Il progresso

Se chiedete ad un giovane cos’è il progresso, probabilmente vi risponderà: Internet, il cellulare, l’MP3.
Sciocchezze!
Se avete visitato castelli o case patrizie, avrete notato che l’unico modo di riscaldarsi era il camino (tornato di moda per motivi ornamentali). Se risalite con la memoria all’immediato dopoguerra, trovate le stufe a legna: quella della cucina che serviva per riscaldare l’acqua e cuocere il cibo e qualcuna nelle altre stanze. Per la difficoltà di alimentazione e per esigenze di risparmio, quelle delle camere da letto si accendevano solo in caso di malattia e la temperatura difficilmente superava i 10 gradi d’inverno; si suppliva con “il prete” (chi non sa cosa sia, visiti qualche museo di civiltà contadina e lo scoprirà).
La legna, ora tornata di moda, ha il difetto che deve essere stagionata, e stivata in luogo asciutto, trasportata ed accesa, la stufa va alimentata di continuo e non spande un calore uniforme; inoltre con impianti non a regola d’arte, la combustione avviene in mancanza di ossigeno e si forma ossido di carbonio, per cui di frequente le cronache riportavano casi di intere famiglie sterminate durante il sonno.
Il carbone aveva una più alta resa energetica, ma sporcava talmente da richiedere un locale caldaie e personale apposito (fuochisti).
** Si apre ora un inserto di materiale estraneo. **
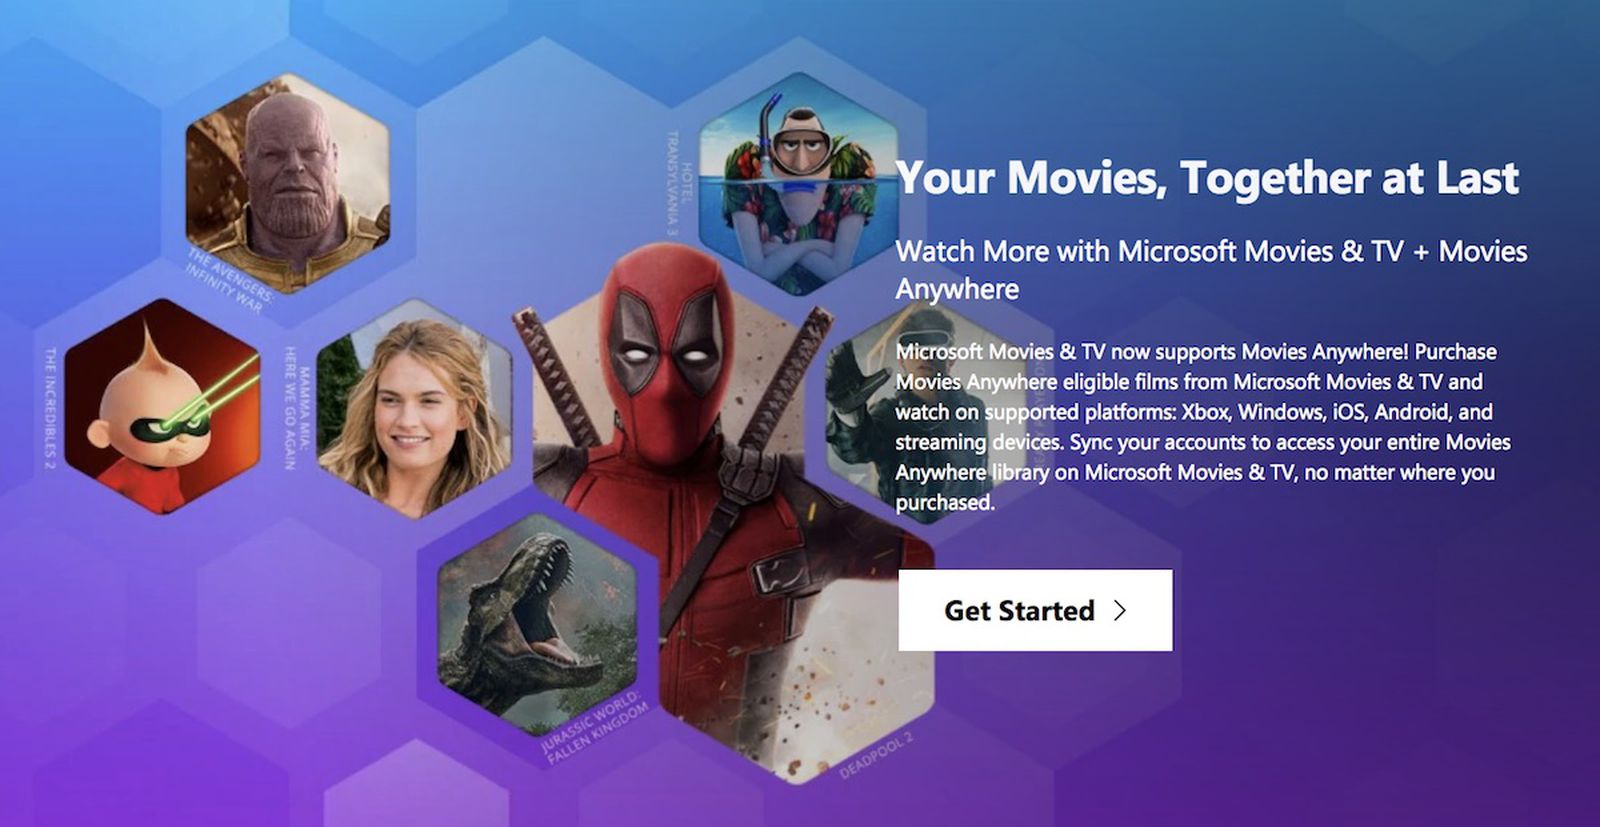 Your movies 1. Microsoft movie. Movies anywhere. Get movies.
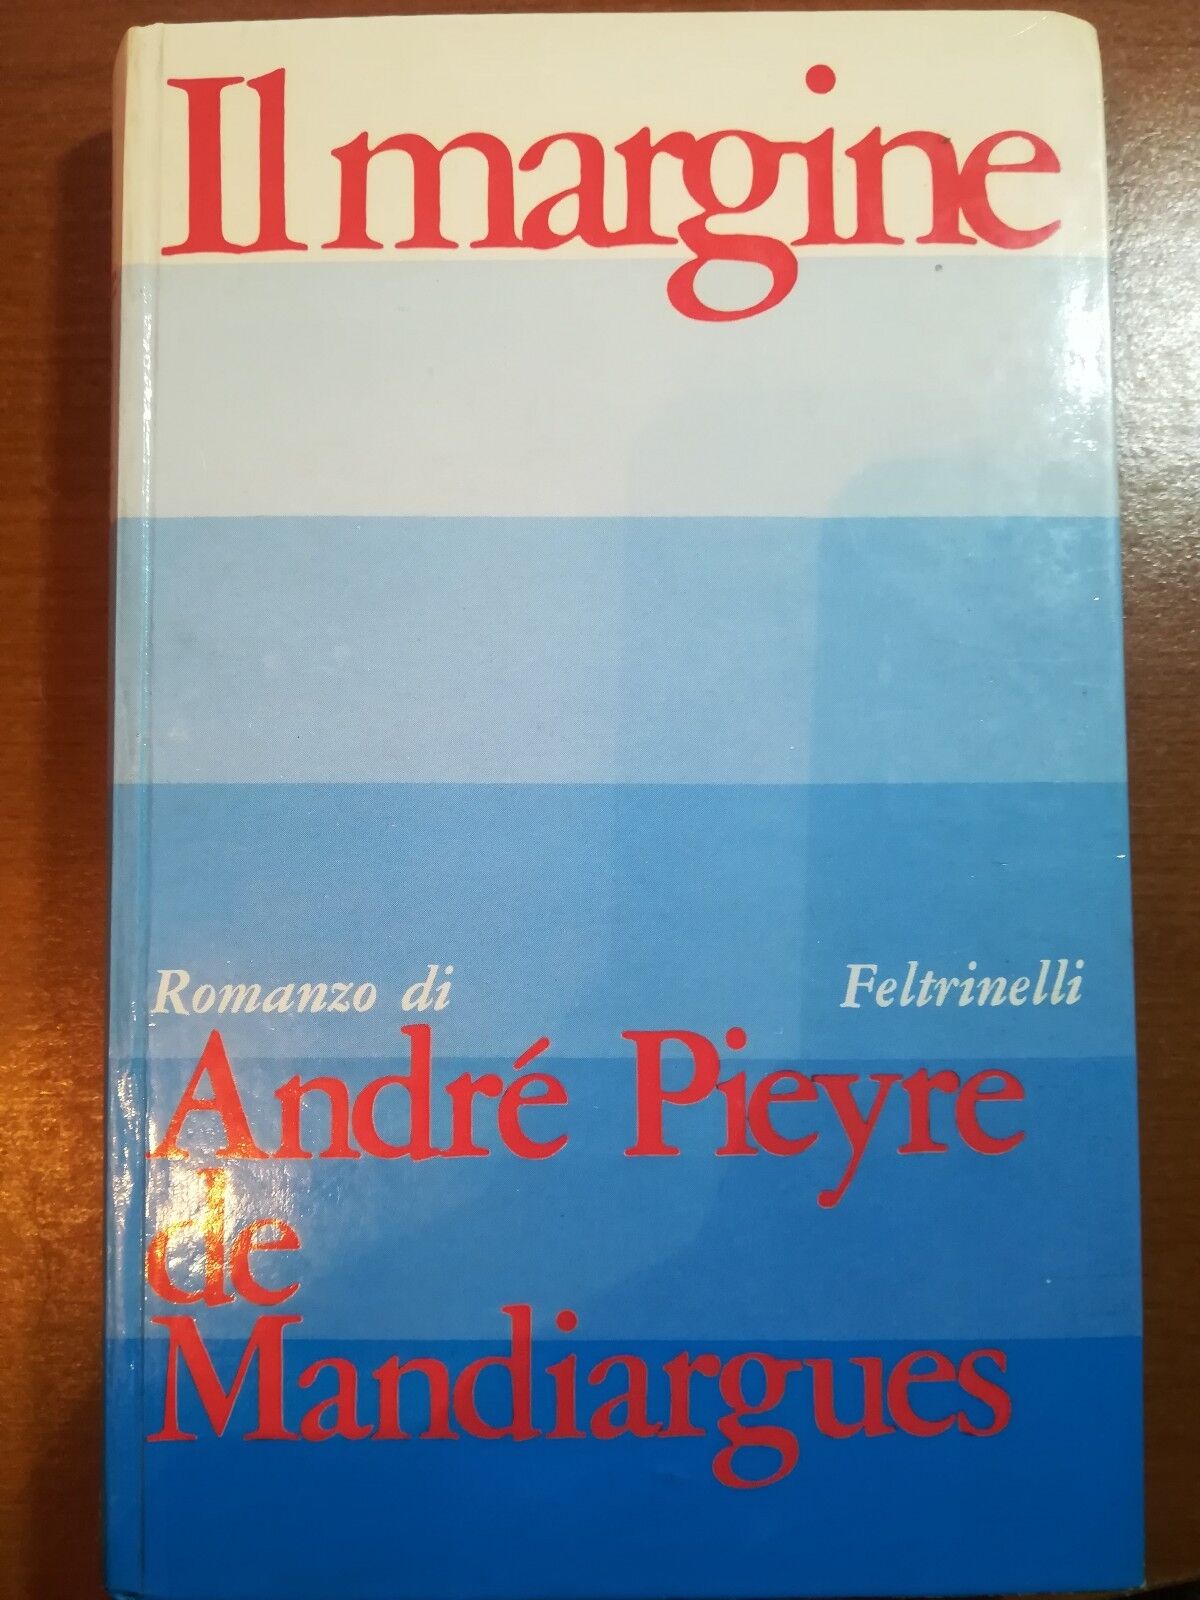 Il margine - Andr? Pieyre e Mandiargues - Feltrinelli - 1968 - M

Negli anni ’60 una alternativa largamente praticata erano le stufe alimentate a cherosene (chi c’era ricorda i bidoni di plastica gialla e i furgoncini “ape” con cui venivano portati a domicilio), ma, contemporaneamente, cominciavano a essere installati nelle nuove case i primi impianti a riscaldamento centralizzato con caldaie e bruciatori, inizialmente a nafta.
Quest’ultima però necessitava di serbatoi di stivaggio e di frequenti pulizie agli ugelli dei bruciatori, oltre ad essere inquinante; la soluzione ottimale arrivò con la metanizzazione.
Questa richiese un impegno dei comuni (socializzazione delle perdite) e poi nacquero le compagnie private o semi-pubbliche (privatizzazione dei profitti), il che ci riporta più o meno alla situazione odierna in cui, senza farci più caso, abbiamo acqua calda, servizi igienici in casa e ambienti tutti uniformemente riscaldati.

A monte di tutto questo abbiamo però una lunga politica di approvvigionamento energetico non priva di contrasti: in seguito ad accordi di guerra l’ENI avrebbe dovuto essere sciolta, ma Enrico Mattei, nominato liquidatore, riuscì ad evitarlo.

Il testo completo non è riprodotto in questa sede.